WORKING DATA
•••
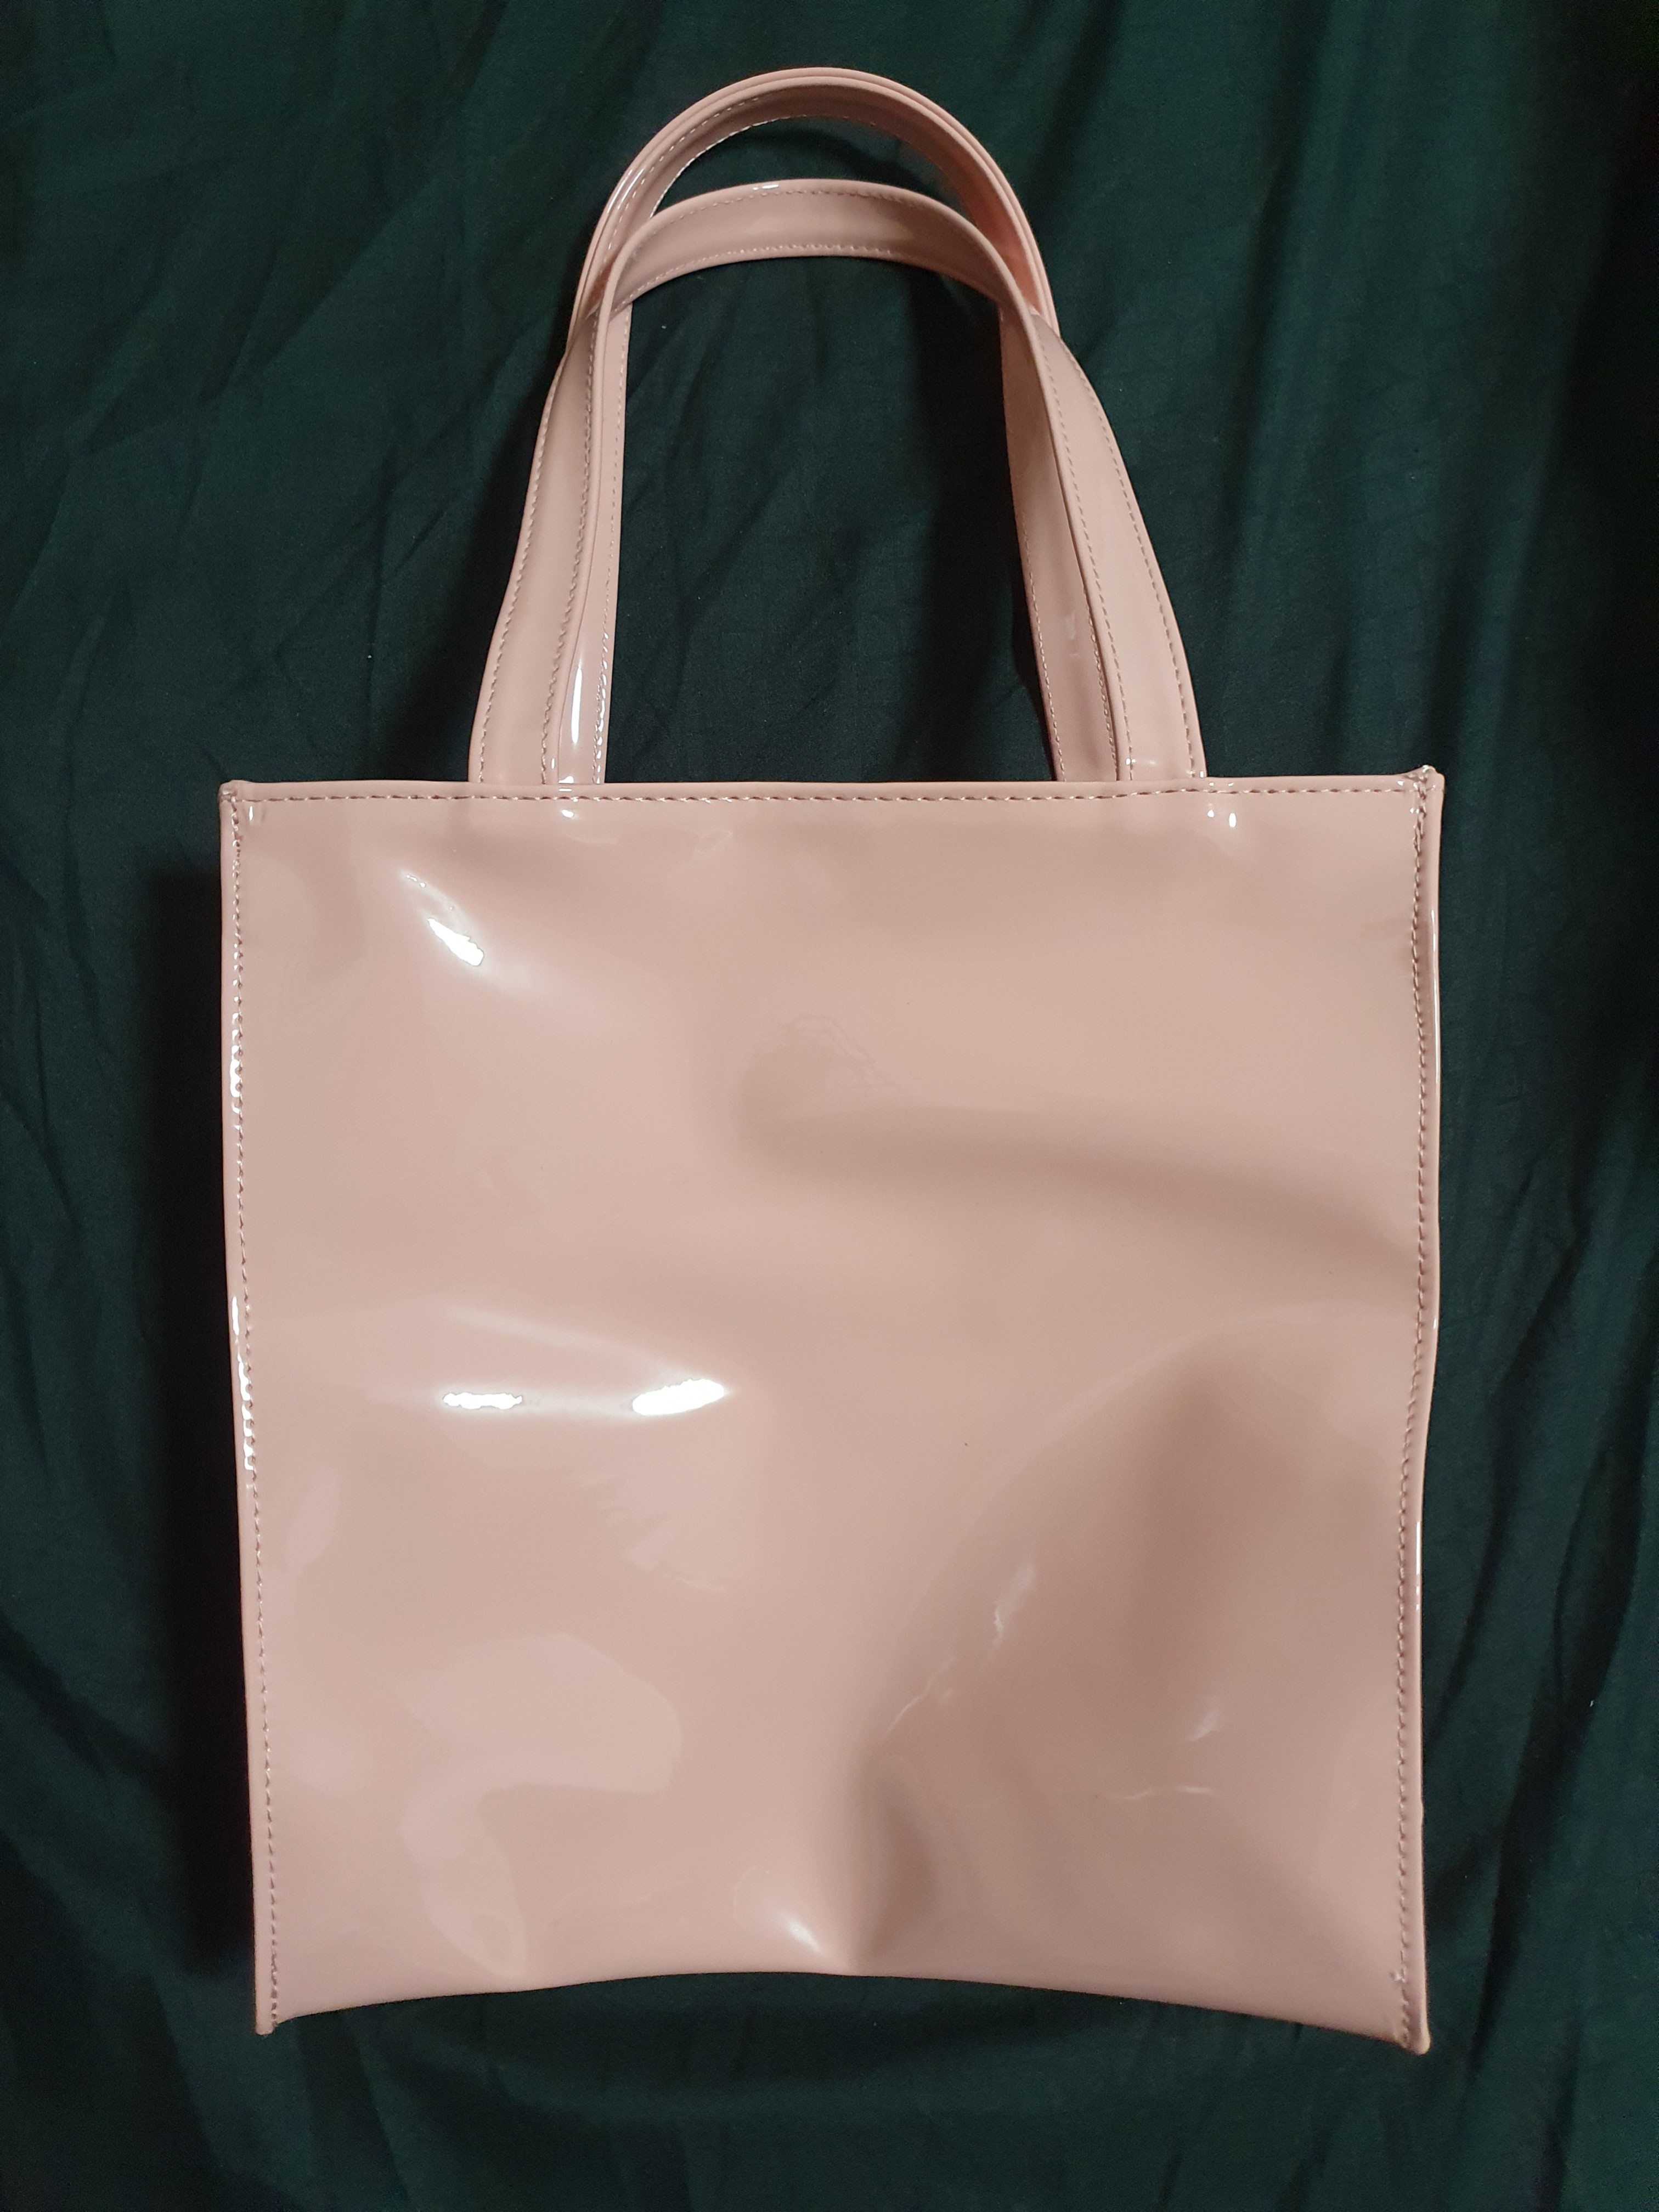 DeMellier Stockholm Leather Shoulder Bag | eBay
•••
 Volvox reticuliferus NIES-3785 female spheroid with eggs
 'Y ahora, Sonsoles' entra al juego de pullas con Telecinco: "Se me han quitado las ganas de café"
•••
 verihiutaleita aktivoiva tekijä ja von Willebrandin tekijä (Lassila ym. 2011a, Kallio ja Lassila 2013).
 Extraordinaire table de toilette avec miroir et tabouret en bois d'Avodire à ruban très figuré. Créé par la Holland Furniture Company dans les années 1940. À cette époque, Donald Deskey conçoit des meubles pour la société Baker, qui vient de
•••
PROBLEM REQUIREMENTS
Starting at the line that contains "verihiutaleita aktivoiva tekijä" and stopping after the line that contains "Extraordinaire table de", write out every line exactly as it appears above, and no other line.

SOLUTION
 verihiutaleita aktivoiva tekijä ja von Willebrandin tekijä (Lassila ym. 2011a, Kallio ja Lassila 2013).
 Extraordinaire table de toilette avec miroir et tabouret en bois d'Avodire à ruban très figuré. Créé par la Holland Furniture Company dans les années 1940. À cette époque, Donald Deskey conçoit des meubles pour la société Baker, qui vient de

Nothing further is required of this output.